* [ACTIVITY]
Copy the listing below exactly, but skip the pictures.

* [INPUT DATA]
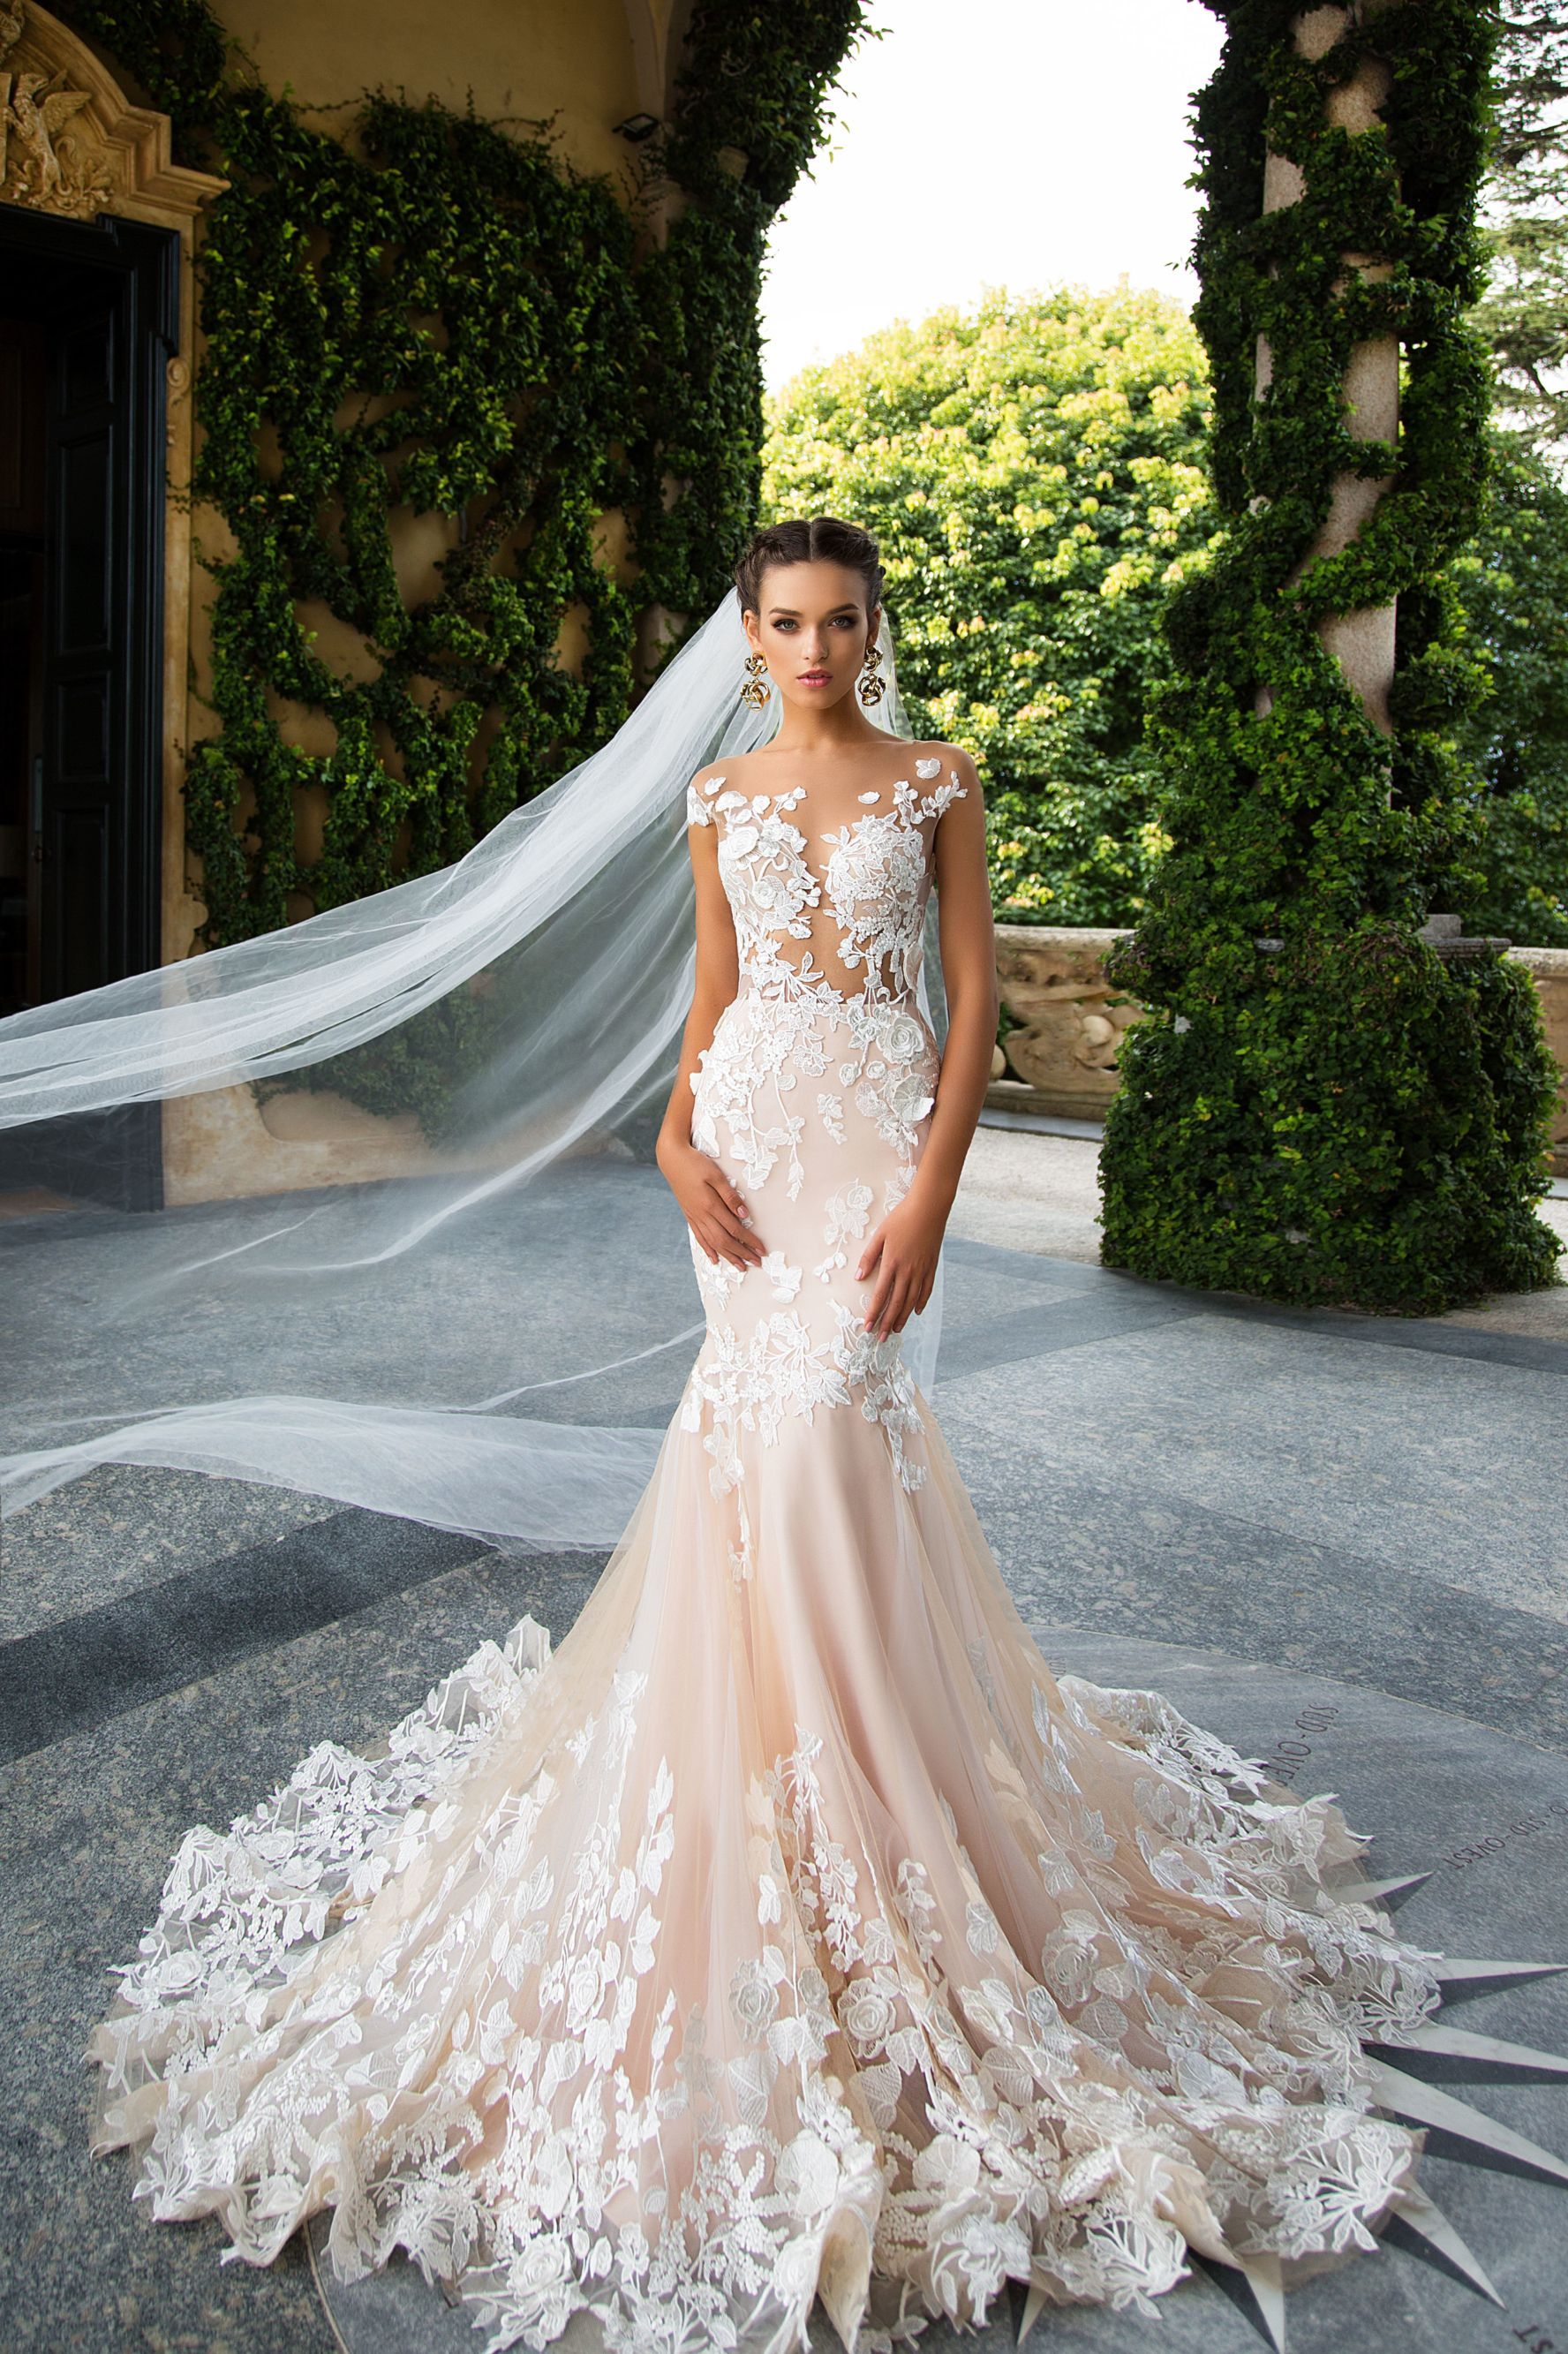 betti2 | Wedding | Pinterest
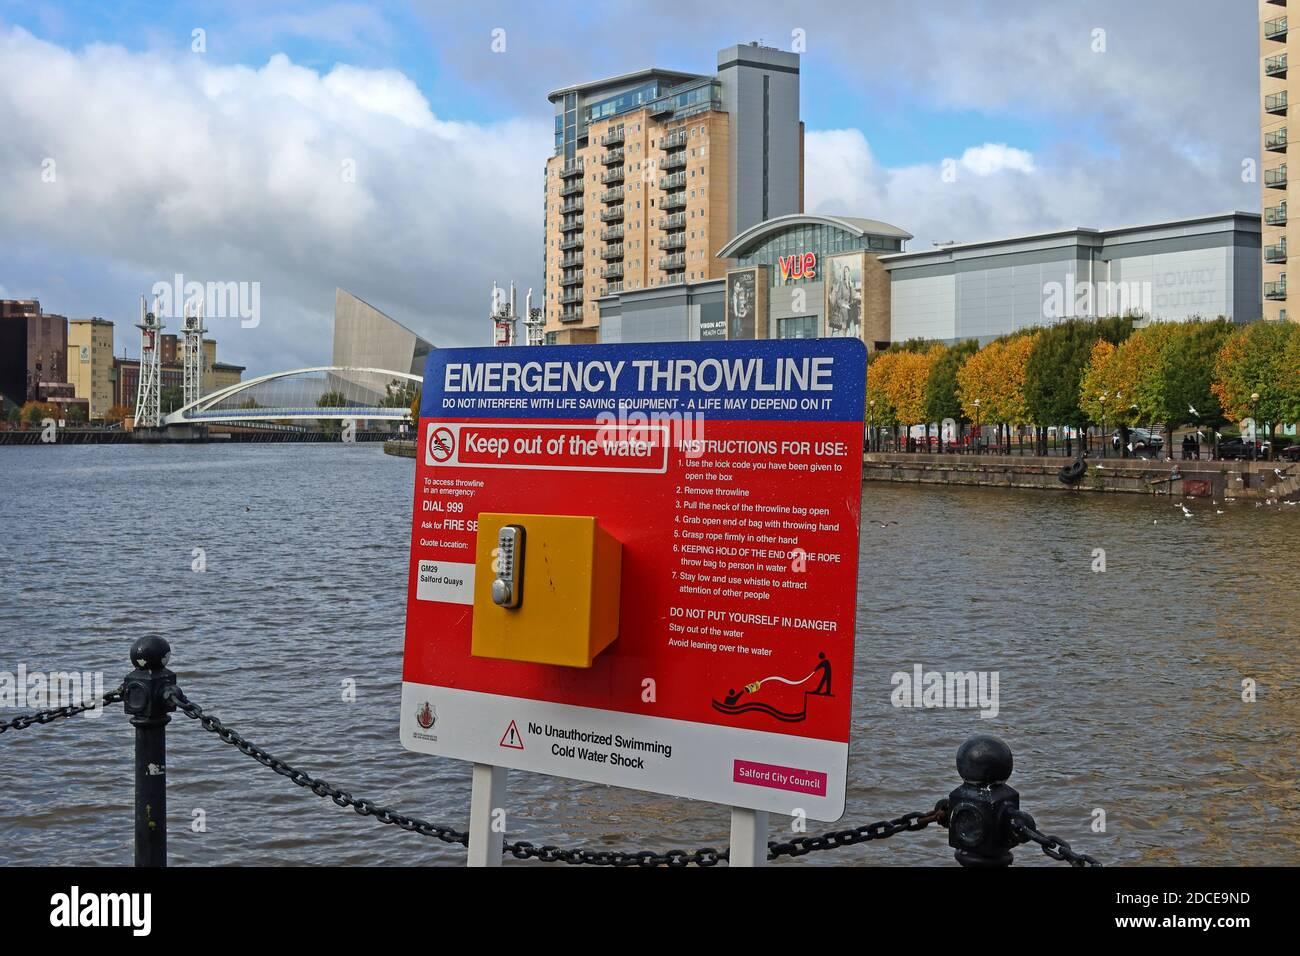 Hotpixuk,England,@Hotpixuk,UK,GB,Great Britain,GoTonySmith,water safety,safety,canal,M50,sign,lock,key,cold water shock,deep water,Emergency Throwline,Salford Quays,Salford,blocks,flats,housing,Vue,cinema
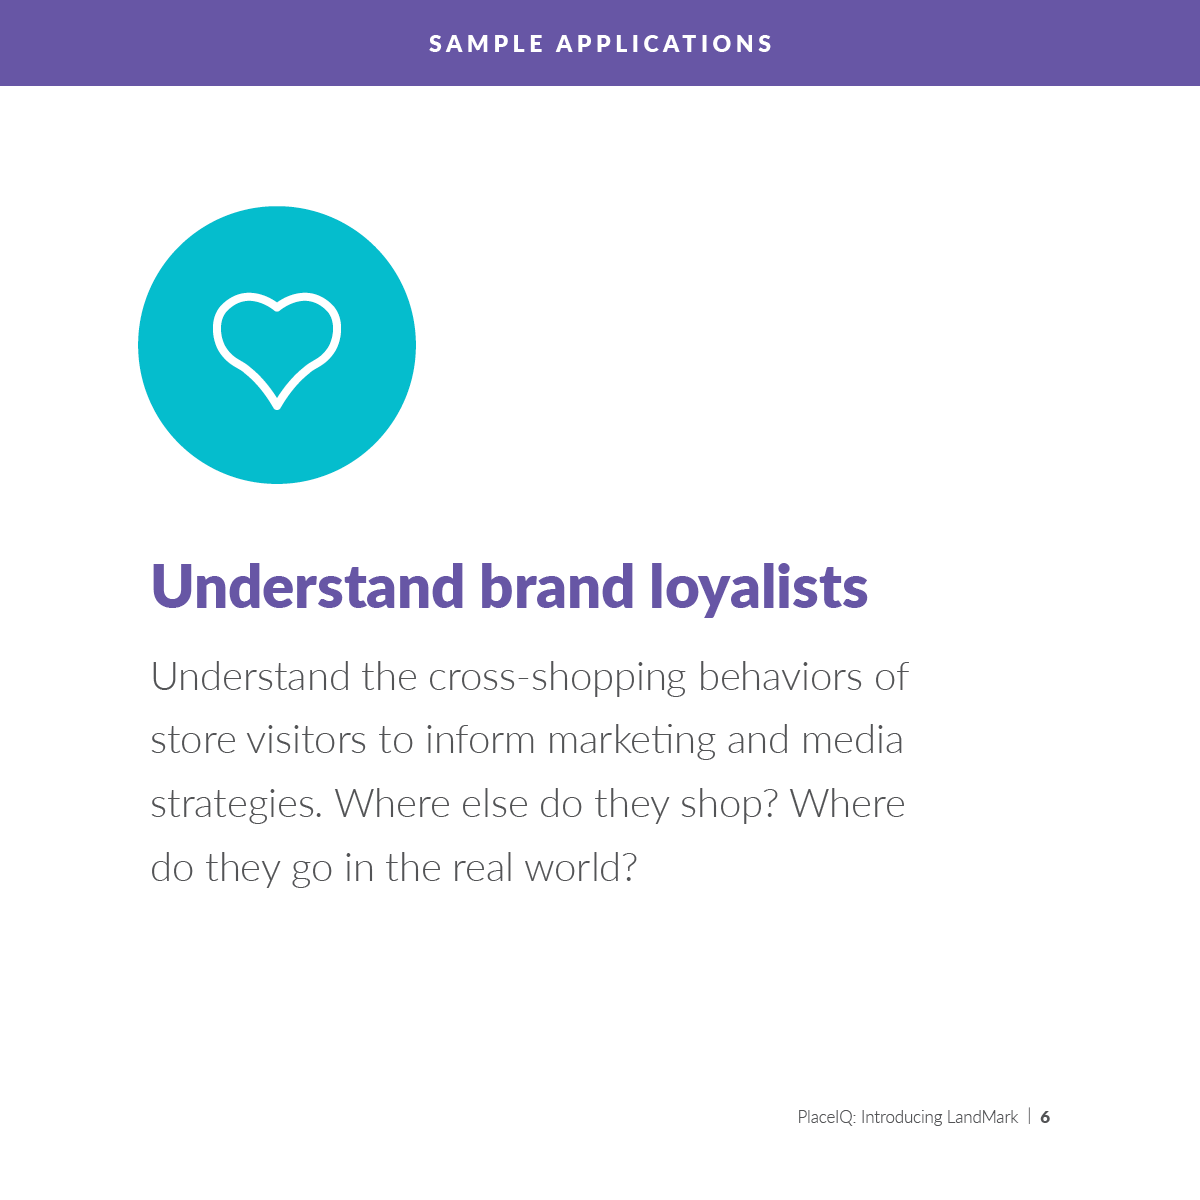 Understand brand loyalists

* [EXPECTED ANSWER]
 betti2 | Wedding | Pinterest
 Hotpixuk,England,@Hotpixuk,UK,GB,Great Britain,GoTonySmith,water safety,safety,canal,M50,sign,lock,key,cold water shock,deep water,Emergency Throwline,Salford Quays,Salford,blocks,flats,housing,Vue,cinema
 Understand brand loyalists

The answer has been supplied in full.